Fathers Day.

It’s Sunday 1 September here, which is the local Father’s Day. We will be off to church in a minute: I have chatted with daughter (face book is useful sometimes), phoned my Dad, and woken the boys.

Today’s reading is for sons…

1 Timothy 4:7b-16

7b Train yourself in godliness, 8 for, while physical training is of some value, godliness is valuable in every way, holding promise for both the present life and the life to come. 9 The saying is sure and worthy of full acceptance. 10 For to this end we toil and struggle, because we have our hope set on the living God, who is the Savior of all people, especially of those who believe.

11 These are the things you must insist on and teach. 12 Let no one despise your youth, but set the believers an example in speech and conduct, in love, in faith, in purity. 13 Until I arrive, give attention to the public reading of scripture, to exhorting, to teaching. 14 Do not neglect the gift that is in you, which was given to you through prophecy with the laying on of hands by the council of elders. 15 Put these things into practice, devote yourself to them, so that all may see your progress. 16 Pay close attention to yourself and to your teaching; continue in these things, for in doing this you will save both yourself and your hearers.

And I am taking a gloss from Zippy’s comments at SSM.

I’m just some guy voicing his point of view, and I wouldn’t have it any other way.
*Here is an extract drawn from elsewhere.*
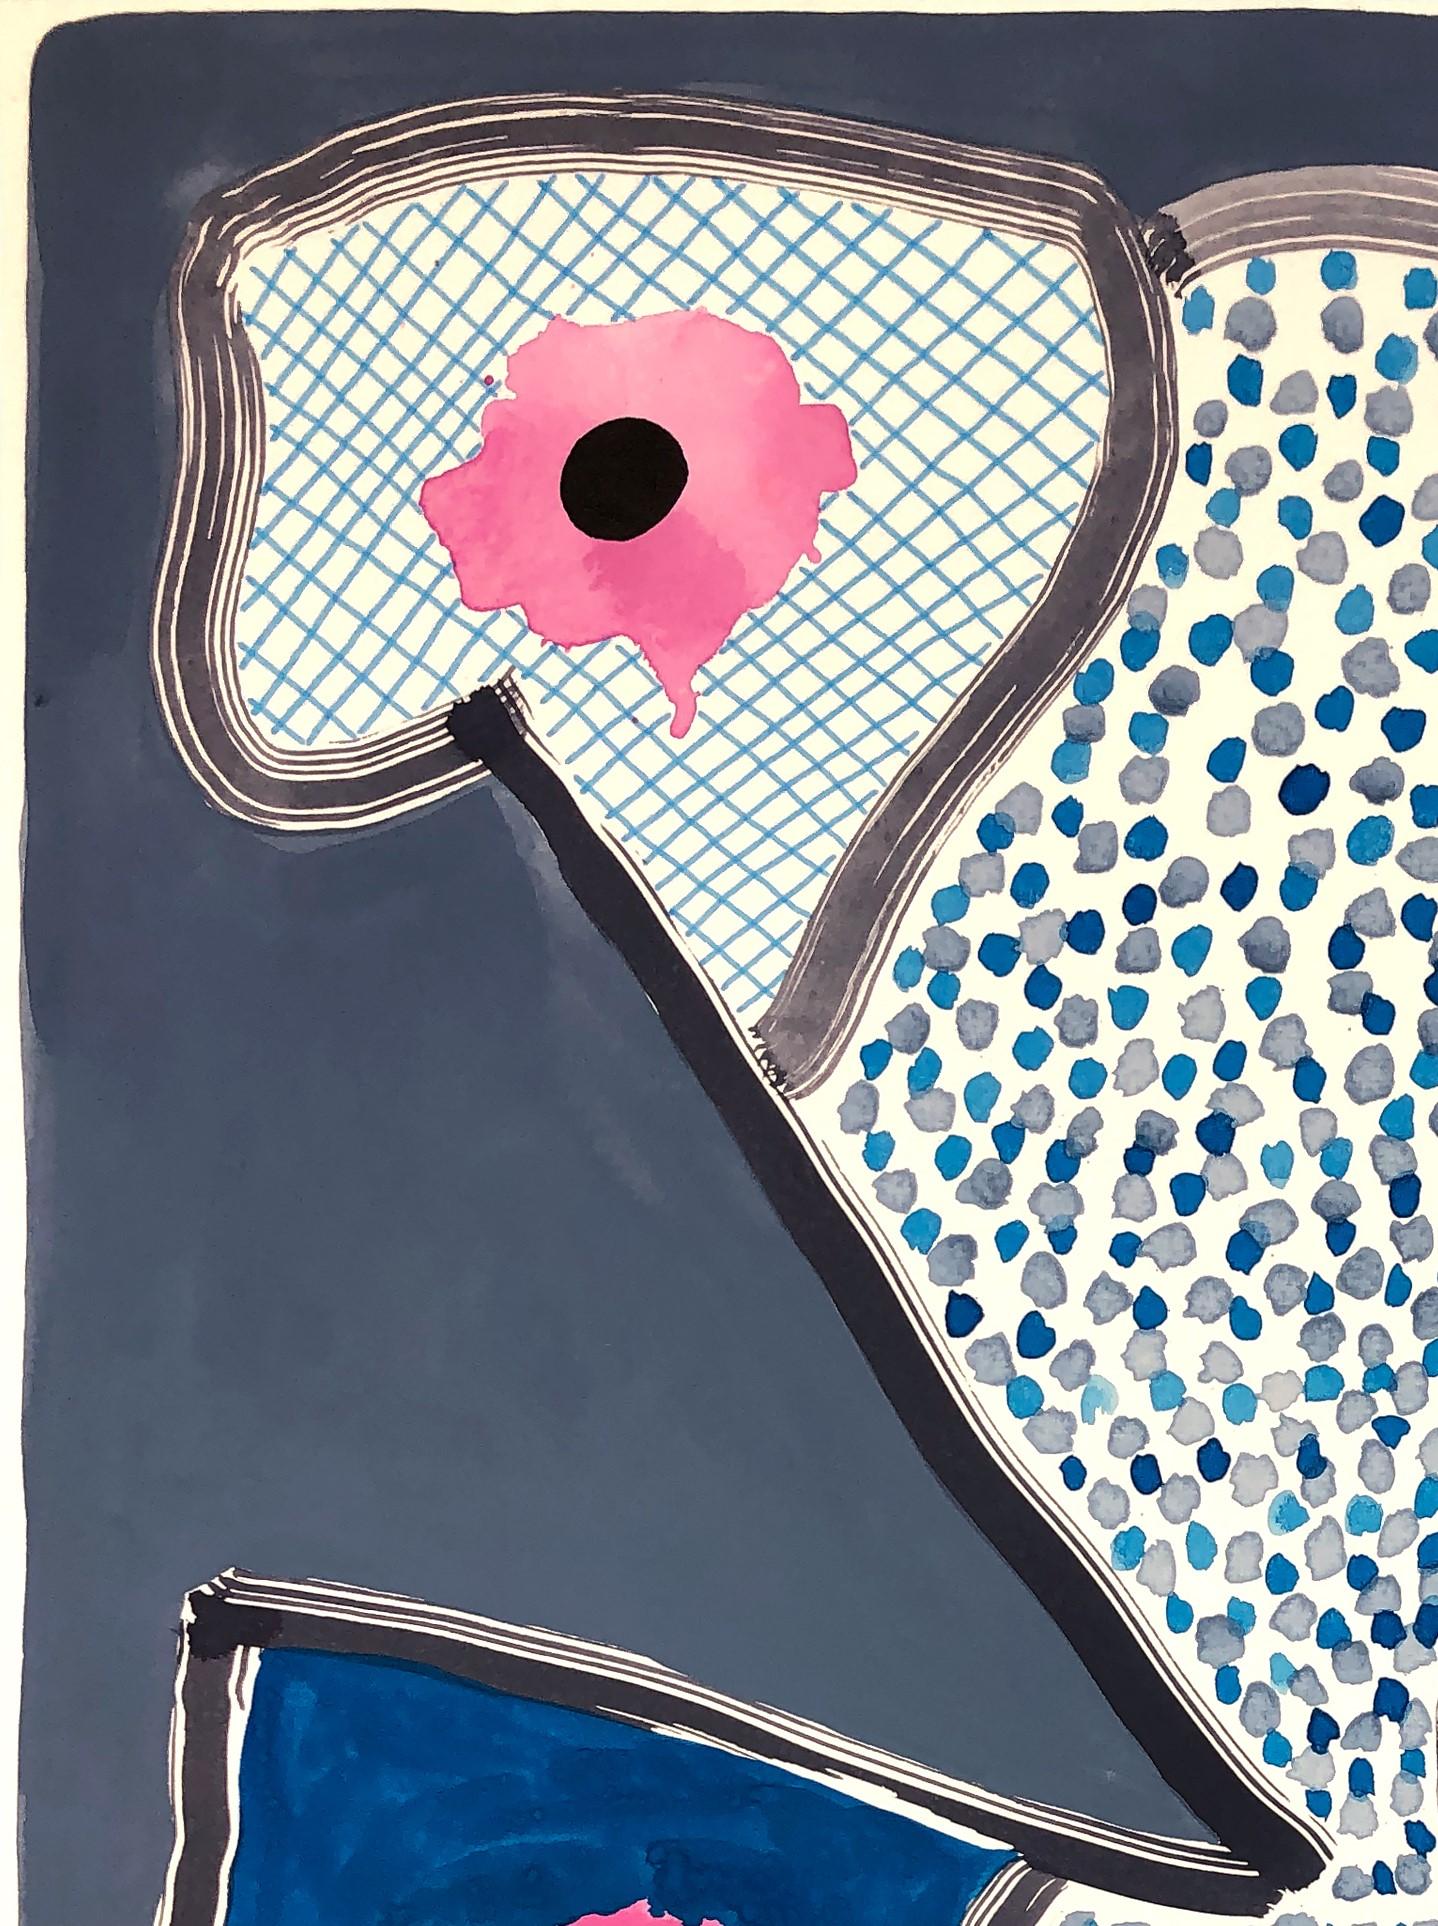 Contemporary abstract geometric colorful patterned work on paper by Texas-based artist Max Manning. The work features organic and  geometric shapes in pinks, blues, grays, black, and white. Signed by the artist on the back of the piece.

Artist

But in real life, I’ve found that when I address insecure effeminate men as men, they naturally respond by becoming more manly. When other men address them in more effeminate modes, they respond effeminately. So guys like Rollo and Deti who use effeminate polemics (e.g. exaggerating to the point of falsehood for effect, refusing to grant that at some point a legitimate vent becomes effeminate whining, etc) may be shooting themselves in the foot — assuming that their mission is to teach effeminate men how to act more manly.

As far as I can tell, the role of a father is to train his sons. Intellectually, physically, and spiritually. By word and, much more importantly, example.

There are duties of provision to his family, and daughters need protection (and mothers should be training them in a similar manner) but young men need their sons.

Because the current memes of manliness, in our culture, are borrowed from those men who love men. And that model will not work around women.

And the memes are not healthy or appropriate for raising sons.